Re: One question per page to discourage copying of the entire test
The other reason is most of my students will be venturing into a Prometric or Vue testing center to get certified and I'd like to match their environment as much as possible and they do one question per page.
Future needs: Adaptive testing
In the future I will need something that will be much harder to implement. I need the choice of the next queston to be based on how well the student did on the current question. If a student got the question right the next one would A) be from a different group or B) be a harder question with a heavier weighting.
A lot of reason I am playing with moodle is for testing so I NEED these features and will create them as soon as I figure out how. I'm currently doing almost all of this in javascript.
Oh yeah, I may create a Hot Potatos import filter when I get time.
Grant
Re: One question per page to discourage copying of the entire test
Hope you take it on.
Best regards,
Art Lader
Aiken HS
Re: One question per page to discourage copying of the entire test
Grant
Re: One question per page to discourage copying of the entire test
http://www.jchq.net/phezam/login.php
(user=guest pwd=password).
I spent a little time looking at the quiz code to see what might be needed to insert that kind of functionality into quiz module. Based on building my tool and assuming the use of objects I figure you might need the following...
A quiz object (or array?) that contained an array of questions. When you make an attempt on a quiz the questions in the array are populated from the database (or perhaps just the question id's get populated.). As you click the forward and backwards button the response given would be stored in the currently pointed to question in the array, so that when you go back a screen the correct options are checked. Then once you submit the mark/score button the array of questions are submitted for the moodle marking. One of the differences between what I have done and what moodle does is that I only have multi choice questions whereas moodle allows for other styles of questions.
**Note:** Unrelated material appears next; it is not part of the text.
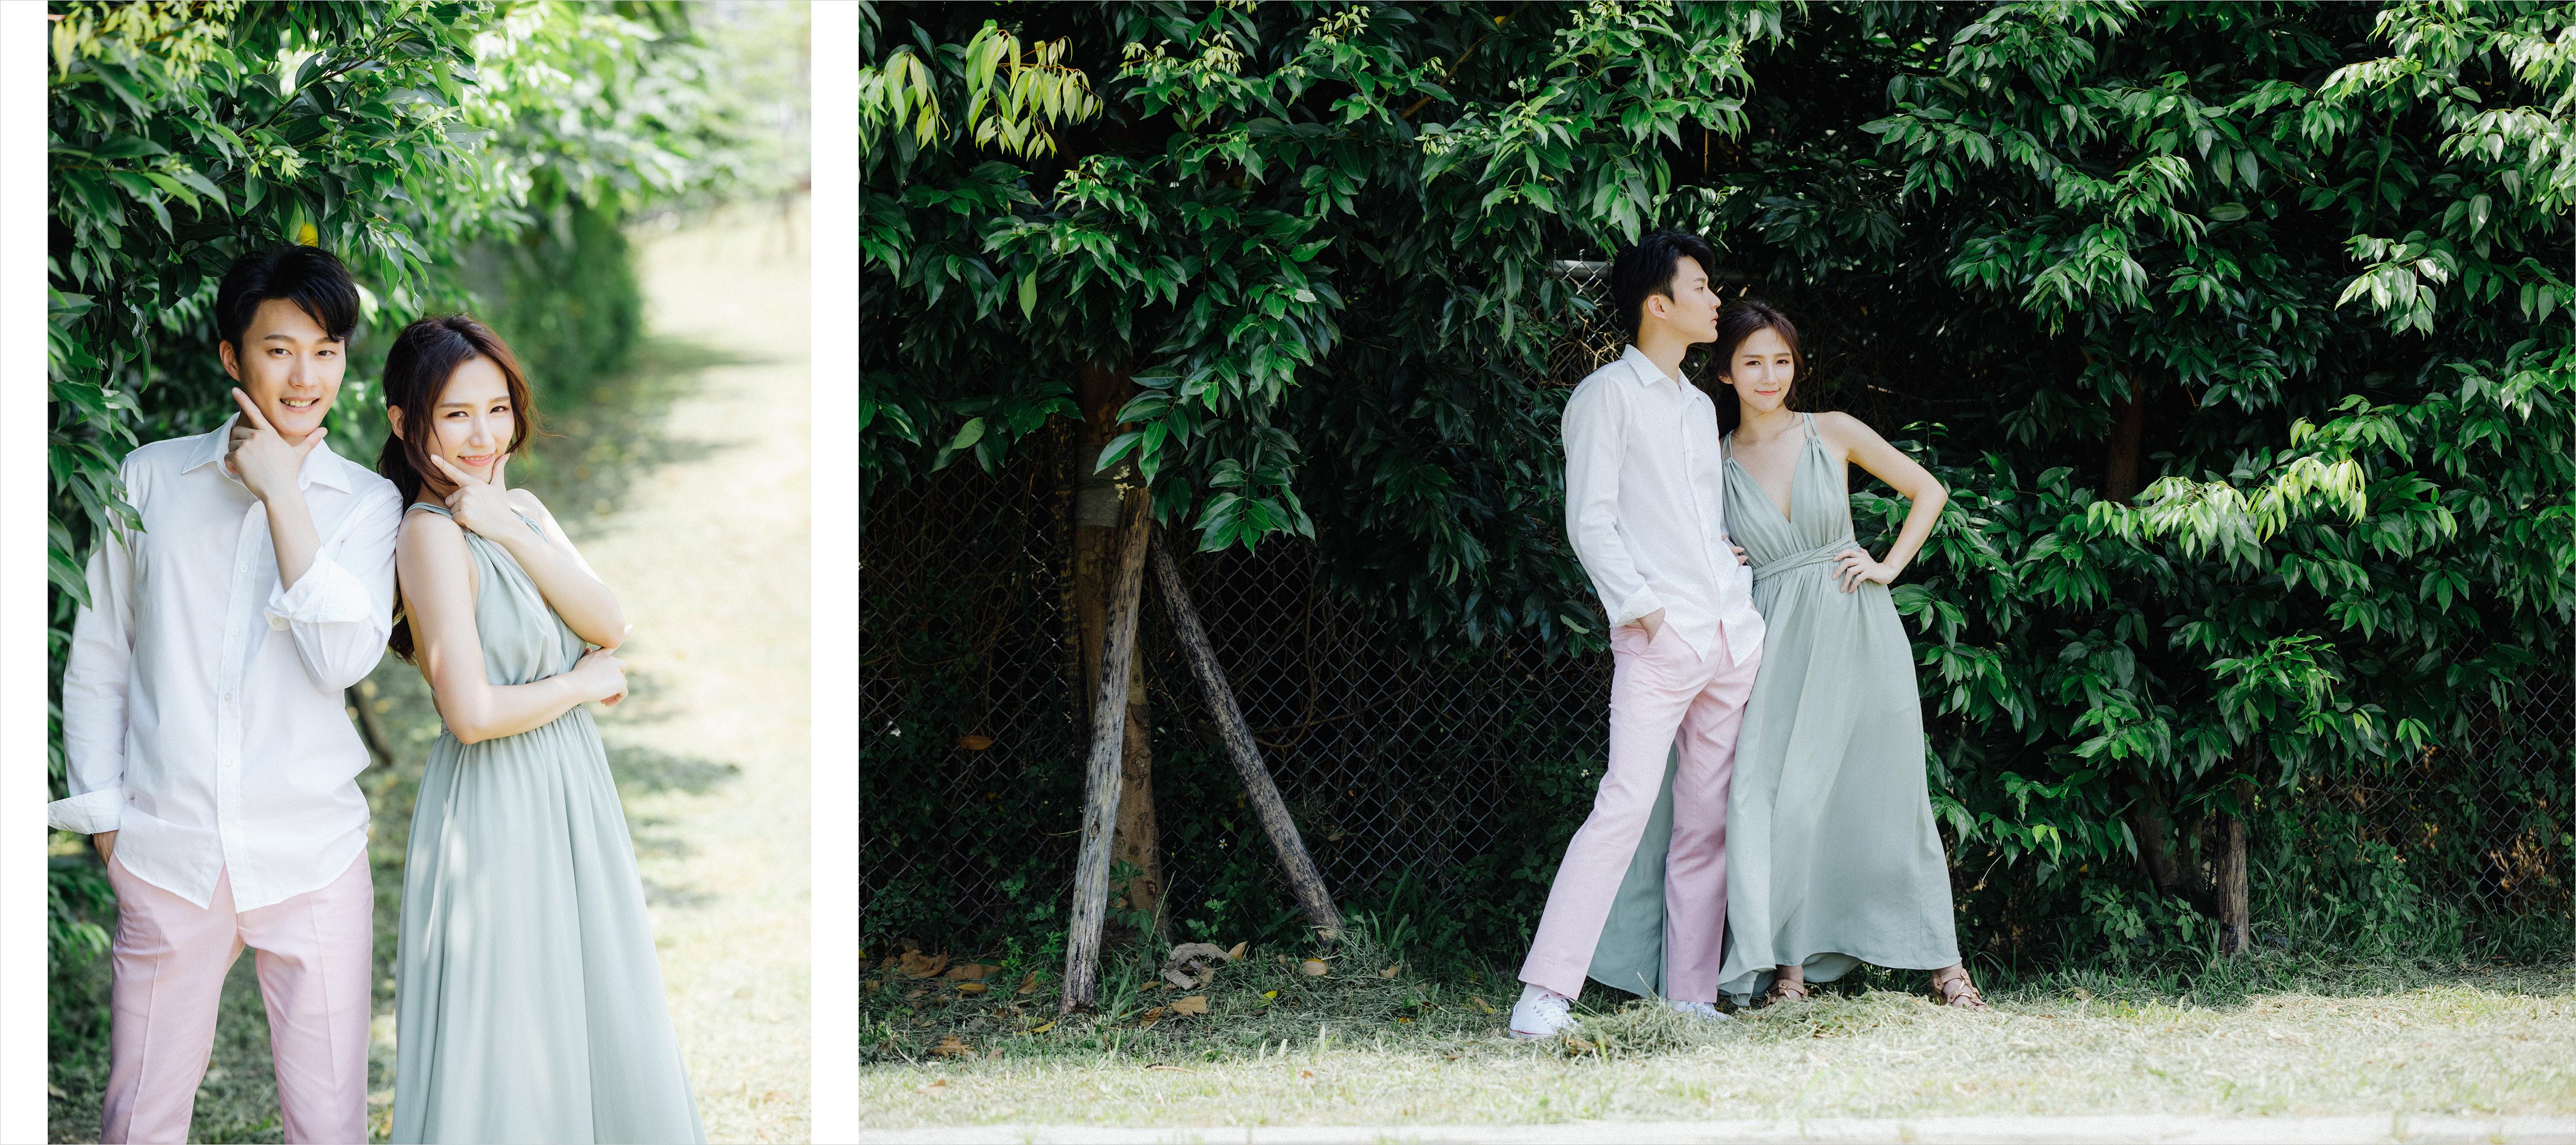 48592325107 68d17bf577 o - 【自主婚紗】+Ying&Wiwi+

I figure this kind of conversion would take me quite a bit of time to complete.
Any comments
Re: One question per page to discourage copying of the entire test
Here is how I've been getting around it. Keep in mind these are practice tests and not used for a grade since they are javascript...
http://soundlinuxtraining.com/resources/aplus/tests/index.html
It's basically hacked up Hot Potatos javascript that gets the job done. I just insert all of my questions in the array in the .js file and I have a test. Not very elegent and doesn't keep track of the students progress is the format that I need.
I've also modified it for visual tests too.
http://soundlinuxtraining.com/resources/aplus/tests/vindex.html
Grant
Re: One question per page to discourage copying of the entire test
I like your tests. It would be great if these arrived in Moodle. I guess that the hot potatoes people are going to take notice of moodle soon.
With reference to one of your questions, by the way, as far as I know, if you put enough of a voltage accross pure water it will ionize it so that it conducts without the addition of minerals. But perhaps not. Perhaps my pure water had traces of minerals in it. The conductivity of pure water was the subject of my school physics project.
Tim
Timothy
Re: One question per page to discourage copying of the entire test
Notice the format that my tests are in. This is what I need from moodle at some point. I created the first one with hot potatos way back but I haven't used their software since.. I just type in new arrays. I got Hot potatos to work on Linux too but it just wasn't worth the effort of having to use the interface.
As far as the water question, there may be a "more right" answer but they will need to know this one to pass the test as I have no control over how right the real test is.